Secondly, for some specific scenes such as finance, medical treatment and education industry, an AI digital person generally has the capability of understanding the "look-and-feel" of the text semantics of the client, and makes correct judgment on the positive (yes), negative (no) or neutral emotion semantics of the client through the text semantics in combination with the business scene, but the text semantics understanding capability is accompanied by a large amount of data corpus or artificial dictionary construction, is very dependent on data resources and manpower resources, and in a wider scene, only the text semantics understanding is used for judging that the client emotion is slightly insufficient;

Finally, the existing part of AI digital people judge the emotion state of the user through voice features, one method is to judge the emotion state through voice text recognition and then through text, the method is very dependent on the accuracy of voice recognition, and the other method is to judge the emotion state directly through voice, but the feature extraction method for judging emotion from voice extraction is still immature, and as a result, the accuracy of judging the emotion state is lower;

In summary, based on the single-mode emotion state recognition, when judging the emotion state of a client, the accuracy is still lower than the multi-mode emotion comprehensive recognition results of images, voices, characters and the like, so the invention provides a multi-mode AI digital human emotion analysis method.

Disclosure of Invention

In order to solve the technical problems mentioned in the background art, a multi-mode-based AI digital human emotion analysis method is provided.
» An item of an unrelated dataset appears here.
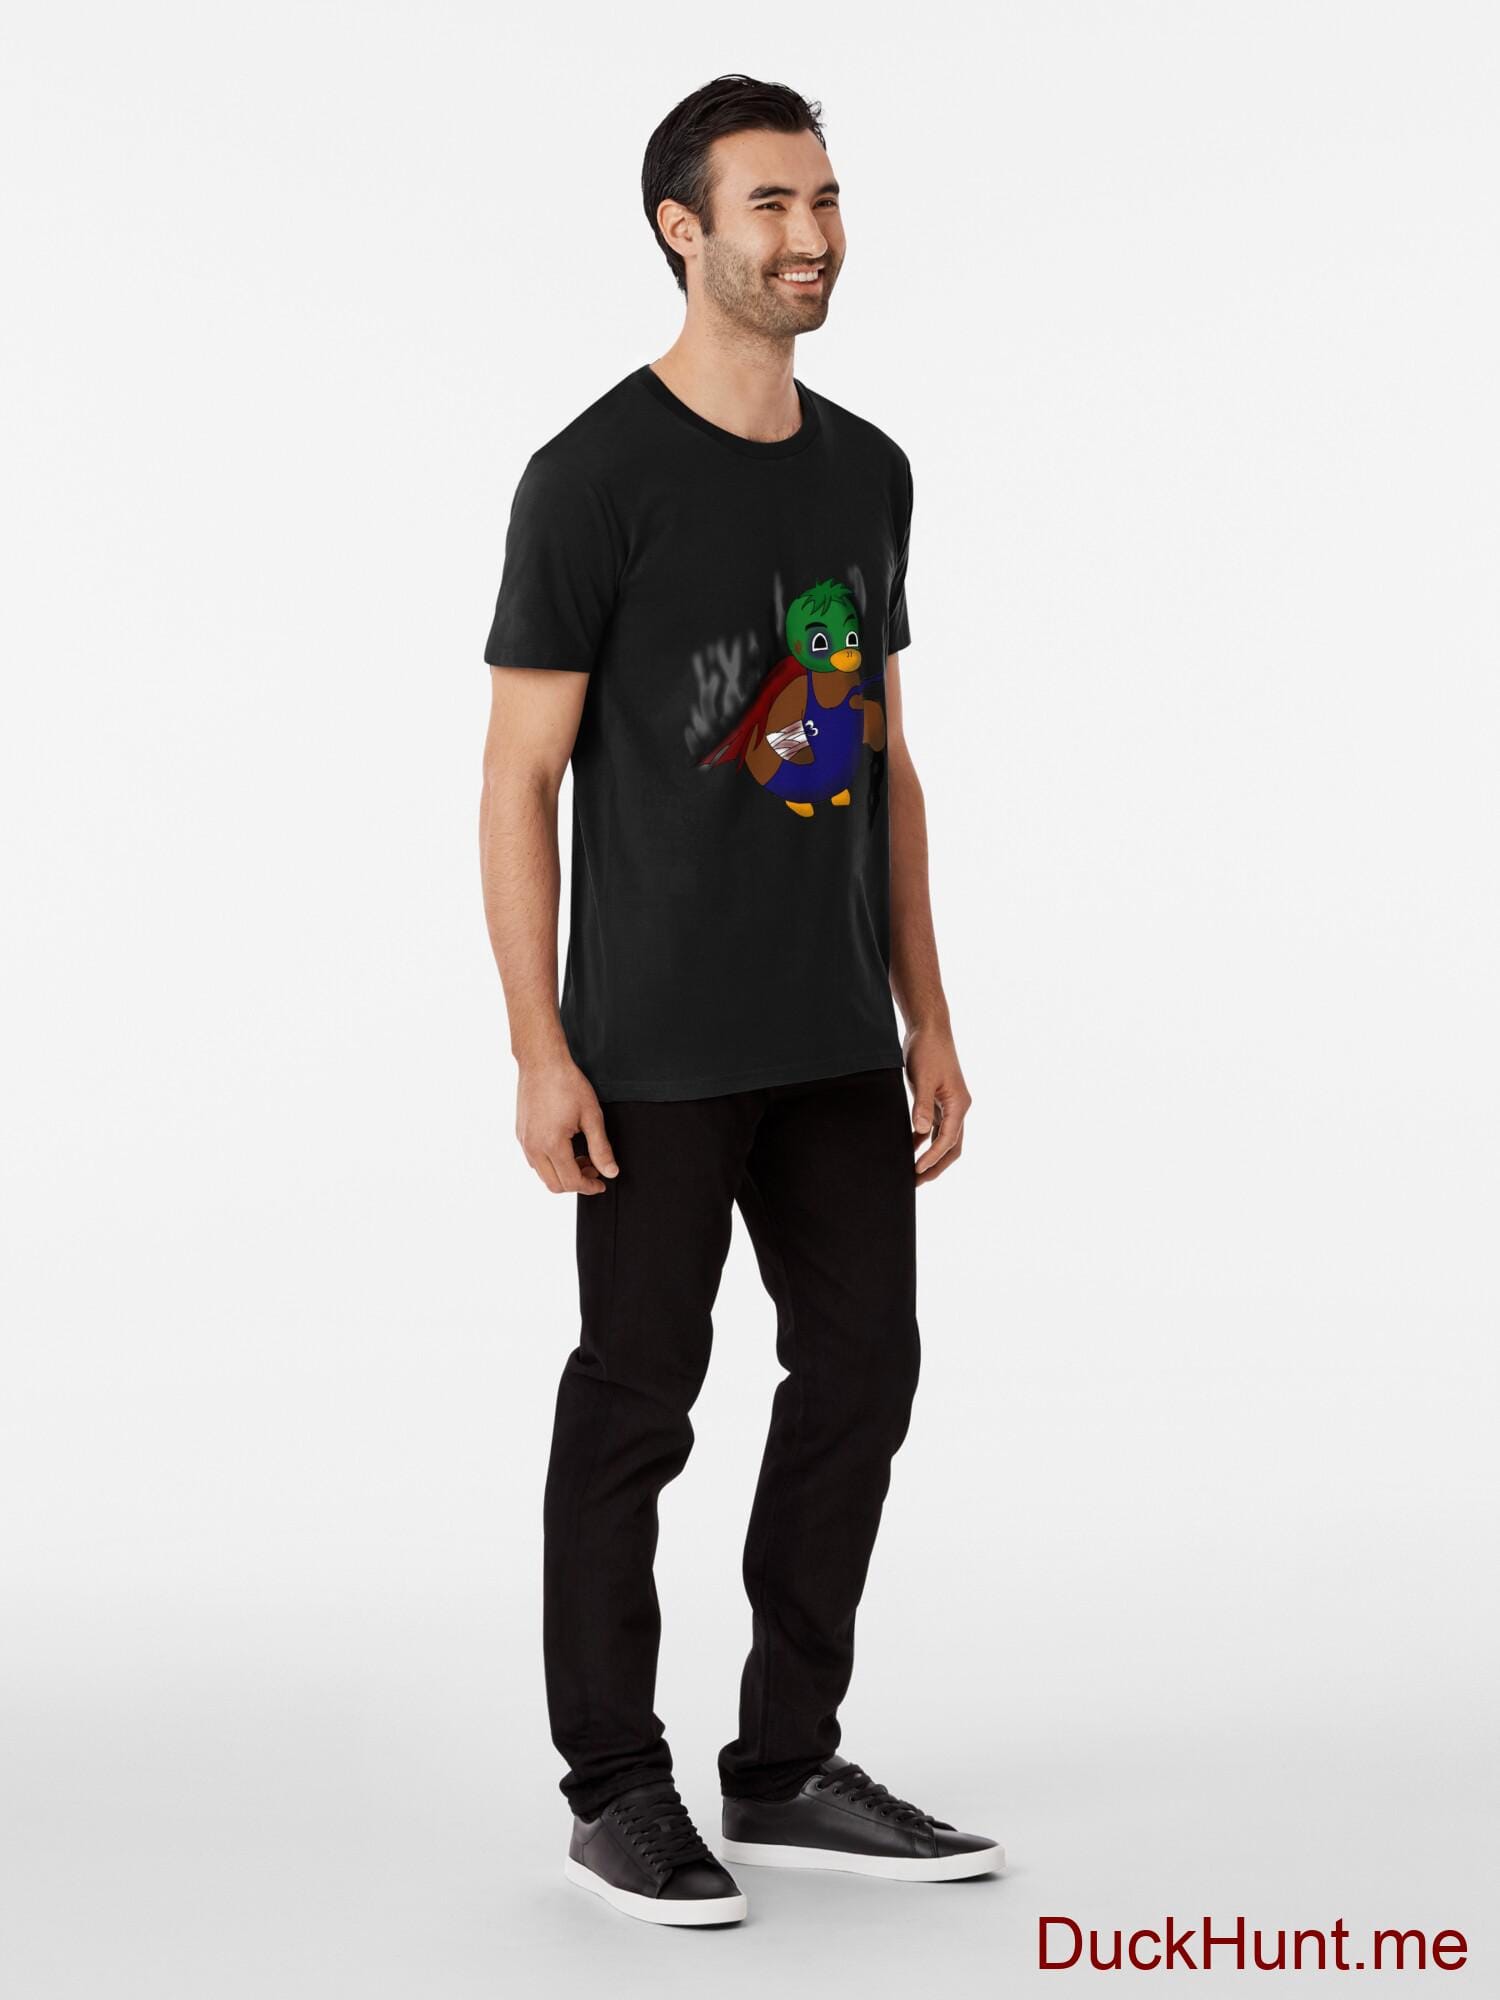 Dead Boss Duck (smoky) Black Premium T-Shirt (Front printed) alternative image 2
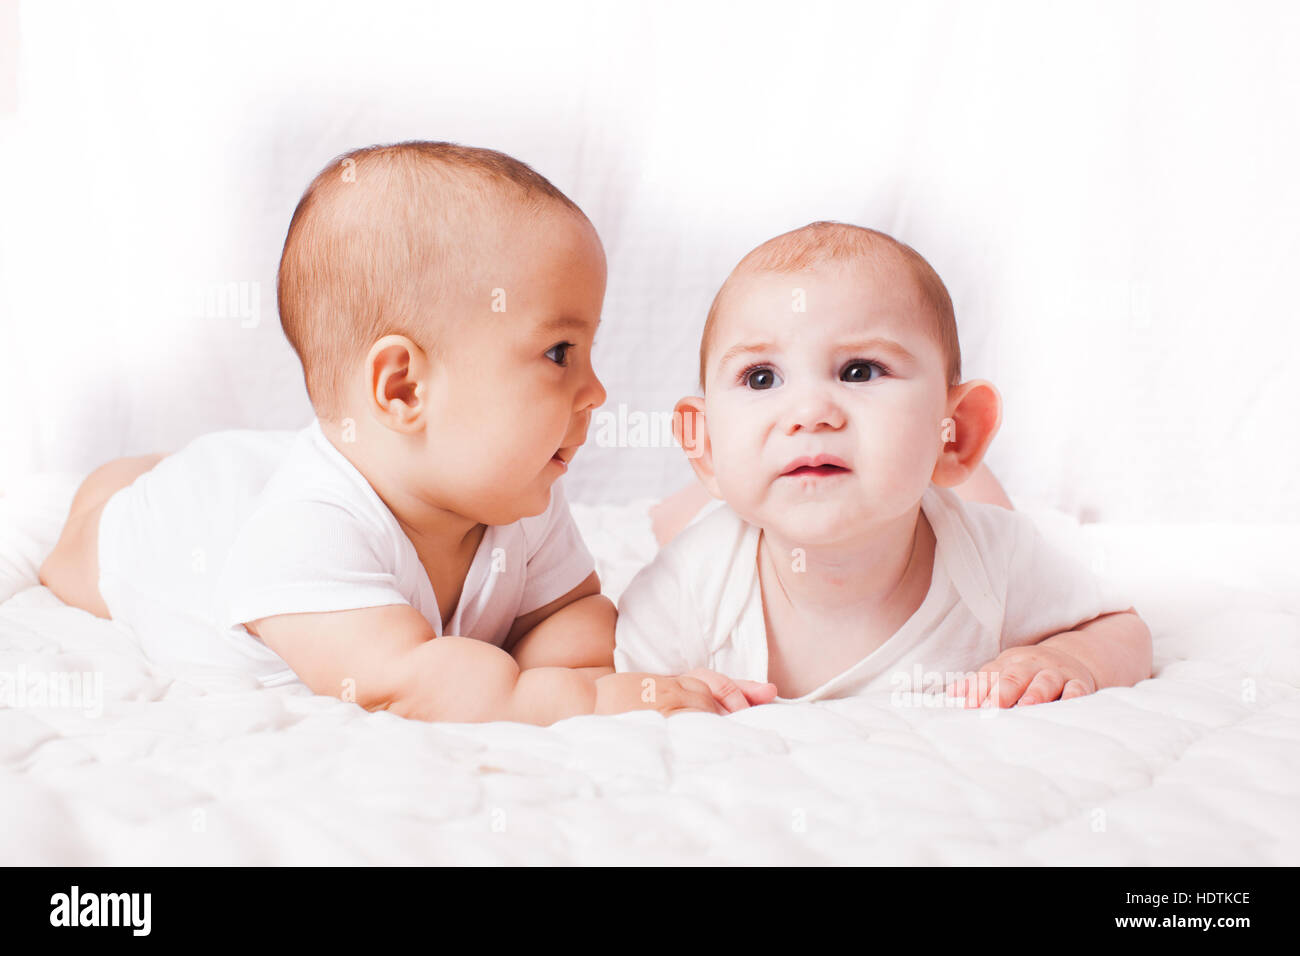 Babies talking, humor Stock Photo

In order to achieve the above purpose, the present invention adopts the following technical scheme:

A multimode-based AI digital human emotion analysis method comprises the following steps:

s1, facial expression recognition emotion judgment:

s11, acquiring an image through a camera module to serve as an original image A to be detected;

S12, obtaining an original image B by converting the original image A to be detected into (640, 640,3);

s13, inputting the original image B into a trained retinaface face detection and recognition model, and outputting a face detection frame C;

S14, intercepting a target face area from the face detection frame C, wherein the target face area resize is a 224 multiplied by 224 face image D;

s15, inputting a face image D into a trained facial expression recognition model, classifying the face image C by using a convolutional neural network, and obtaining probability values of seven emotion categories, namely 'angry', 'disgusted', 'fearful', 'happy', 'sad', 'surprise', 'neutral';

s16, outputting the emotion type corresponding to the maximum probability value, and outputting a result a to be input into the multi-mode emotion analysis module;

S2, voice emotion recognition judgment:

s21, collecting voice E through a voice collecting module;

s22, inputting the voice E into a voice emotion judging model, extracting zero crossing rate, amplitude, spectrum centroid and Mel frequency cepstrum coefficient of an audio map, and obtaining probability values of seven emotion categories, namely 'angry', 'disgusted', 'fearful', 'happy', 'sad', 'surprise', 'neutral';

s23, outputting emotion categories corresponding to the maximum probability values, and outputting a result e to the multi-modal emotion analysis module;

S3, identifying and judging text emotion:

S31, collecting the voice E through a voice acquisition module, and converting the voice E into a text F;

S32, inputting the text F into a text emotion recognition model, performing emotion scoring on the text F, and outputting probability values of seven emotion categories obtained by "angry", "disgusted", "fearful", "happy", "sad", "surprise" and "neutral";

s33, outputting emotion categories corresponding to the maximum probability values, and outputting a result f to the multi-modal emotion analysis module;

S4, in the multi-mode emotion analysis module, carrying out emotion random combination judgment on the results a, e and f, taking an average probability value of random emotion combination conditions as a final emotion judgment result g, and outputting the final emotion judgment result g to the AI digital person.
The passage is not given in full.